Here in Arizona they do pay for the 19371 with diagnosis of 996.54. I also add the code for acquired deformity of the breast as a secondary code to let the payer know. What Medicare will not pay for is the replacement of the implant. I have not had any problems with any carriers not paying for the removal of the implant including our State Medicaid program with the dx of 996.54.

Good Luck!
 
Thank you for the feedback! I code for an ASC in Florida and the majority of our cases are self-pay, but if I come across a medicare case I am going to try billing those codes you provided.
 
In Alabama they will pay with dx 996.54. We always have them sign an ABN prior just in case.

Just a reminder there is a new ABN as of 3/3/08
"Beginning Monday, March 3, 2008, providers (including independent laboratories), physicians, practitioners, and suppliers may use the revised ABN for all situations where Medicare payment is expected to be denied. The revised ABN replaces the existing ABN-G (Form CMS-R-131G), ABN-L (Form CMS-R-131L), and NEMB (Form CMS-20007). CMS will allow a 6-month transition period from the date of implementation for use of the revised form and instructions. Thus, all providers and suppliers must begin using the revised ABN (CMS-R-131) no later than September 1, 2008." Link listed below to CMS' website.

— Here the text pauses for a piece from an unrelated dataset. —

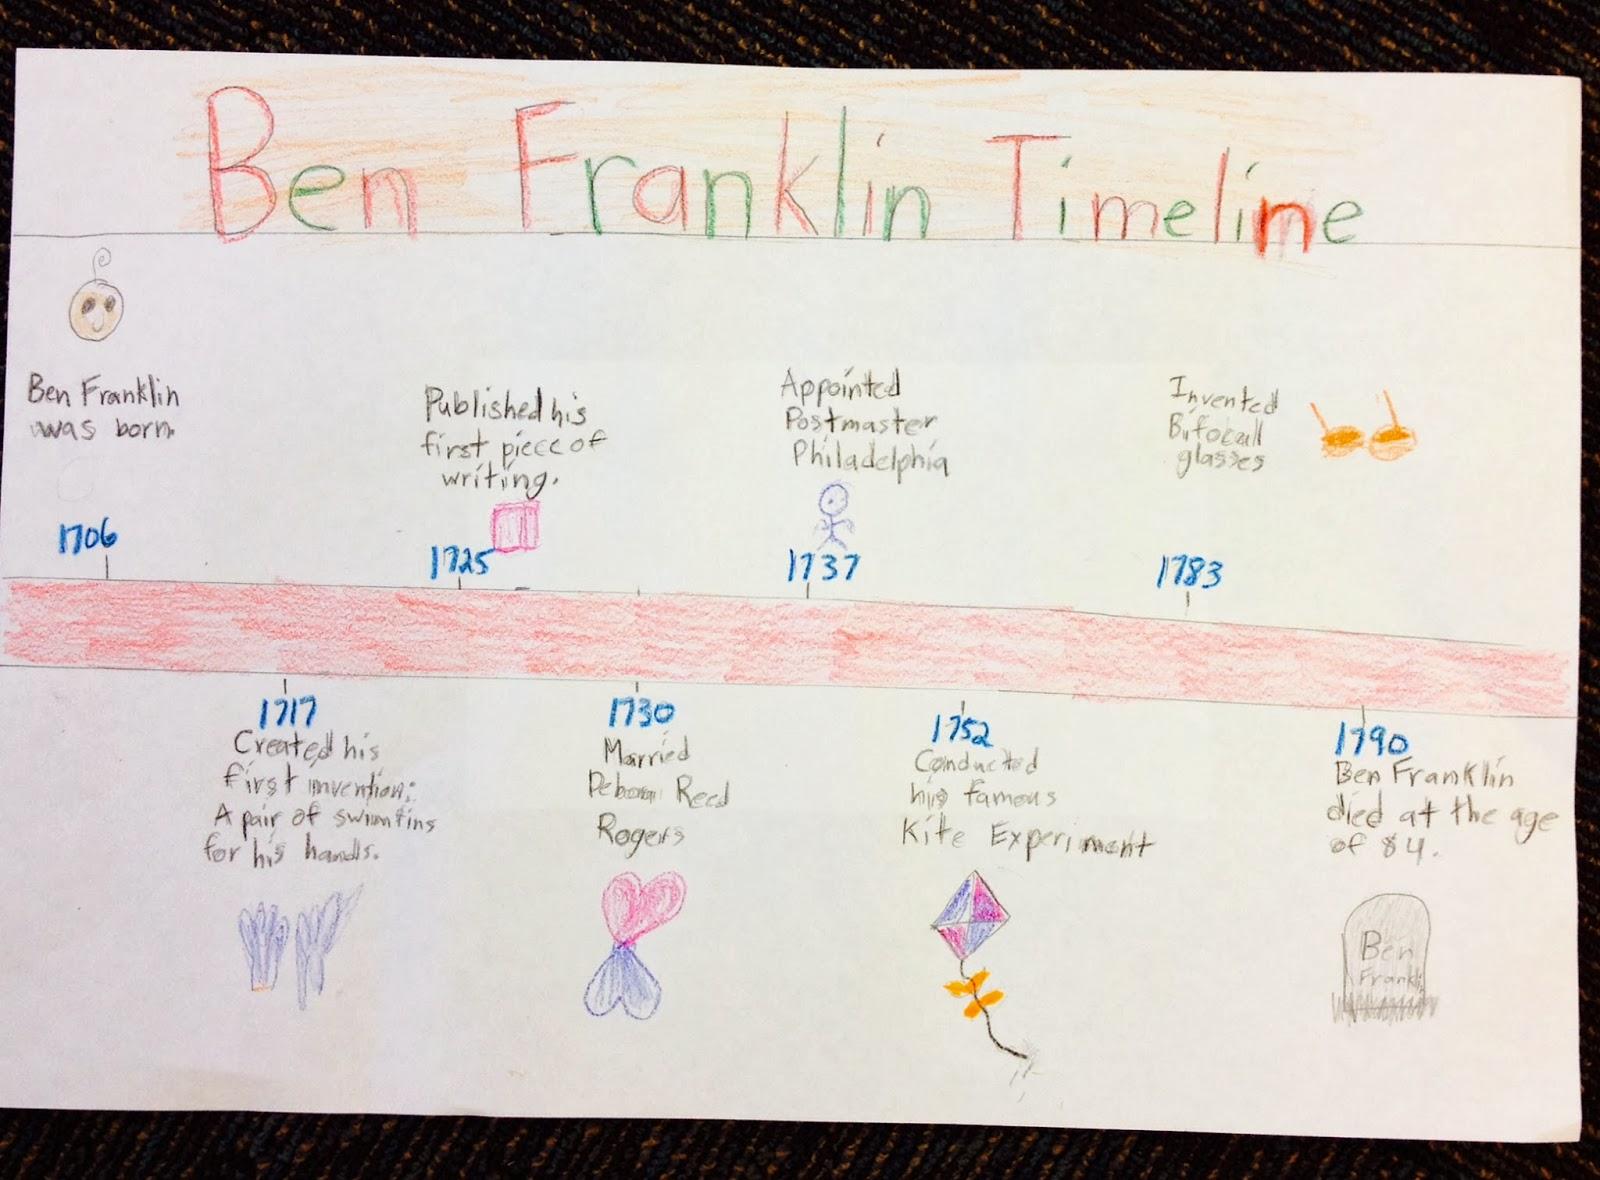 Karen Mensing: Benjamin Franklin Timeline

http://www.cms.hhs.gov/BNI/02_ABNGABNL.asp
 
We actually had a case a few years ago that a patient had implants for cosmetic reasons and insisted that we bill Medicare for the removal and replace, so I had her sign an ABN and pay upfront for the procedure, know that they wouldn't pay....Well sure enough they came back and paid it all! I took the claim and EOB to the next Medicare meeting that I went to and our rep couldn't believe that they paid on it!!!!! So you never know!